There's a lot of things wrong with the rage virus scenario.
The biggest flaw that I see is that it follows the rabies scenario. There's just one problem with that:
Rabid animals do not like rabid animals. It's not as if everything that isn't rabid is "Team Blue" and everything that is becomes "Team Red". There would be a lot of red-on-red murder going on, which would greatly diminish the staying power of the disease, and not just in the case of rage virus, but pretty much every zompocalypse scenario... yet every movie I see on the subject implies this.
The other aspect is human psychology and brain chemestry is incredibly complex. It's one thing for a fungi to be able to control ants over millions of years of evolution (ants are reletively simple by comparison), it's quite another to force a human into specific behavior. It's possible to induce insanity and increased aggression, but it wouldn't be perfect.

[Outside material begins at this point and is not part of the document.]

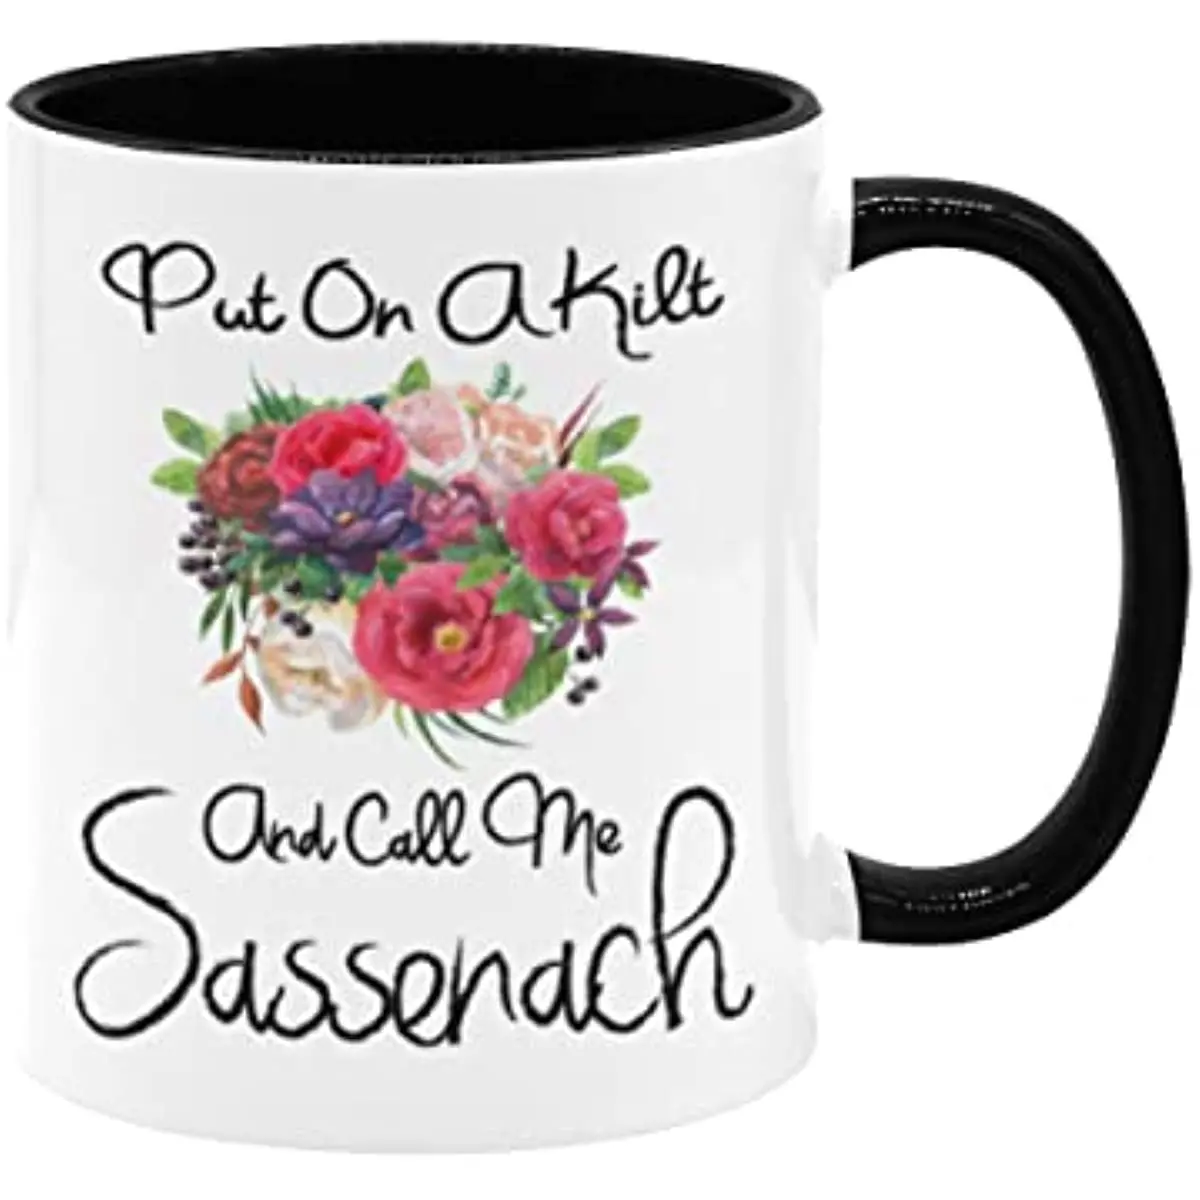 

Funny Naughty Mug Put On A Kilt And Call Me Sassenach Mug Funny Mug Highlander Coffee Mug Scottish Mug Ceramic Coffee Cup

The most valid human-extinction scenario from a pathogen is something that would be ridiculously virulent and stealthy that causes either sterility at 100% effectiveness (Children of Men scenario, and 100% is unlikely... even ebola and black plague have survivors) or symptom-free death over an extremely long period. The latter would almost certainly have to be an engineered chimera, which would be almost useless as a bioweapon as it would work too slow to be militarilly effective and pretty much garaunteed to bite you in the ass for using it... although if we were attacked by extra-terrestrials this might be something you'd see. Valid bioweapons would be designed to burn fast and hard, but would be unlikely to cause an apocalyptic scenario ("Outbreak" has a good example of a fictional virus that might be capable of this).
Other scenarios include non-biologics like a Von Neumann-esque nanovirus ("Grey Goo" scenario) or non-living organisms unaffected by defensive immunities (Andromeda Strain), but those are even less likely.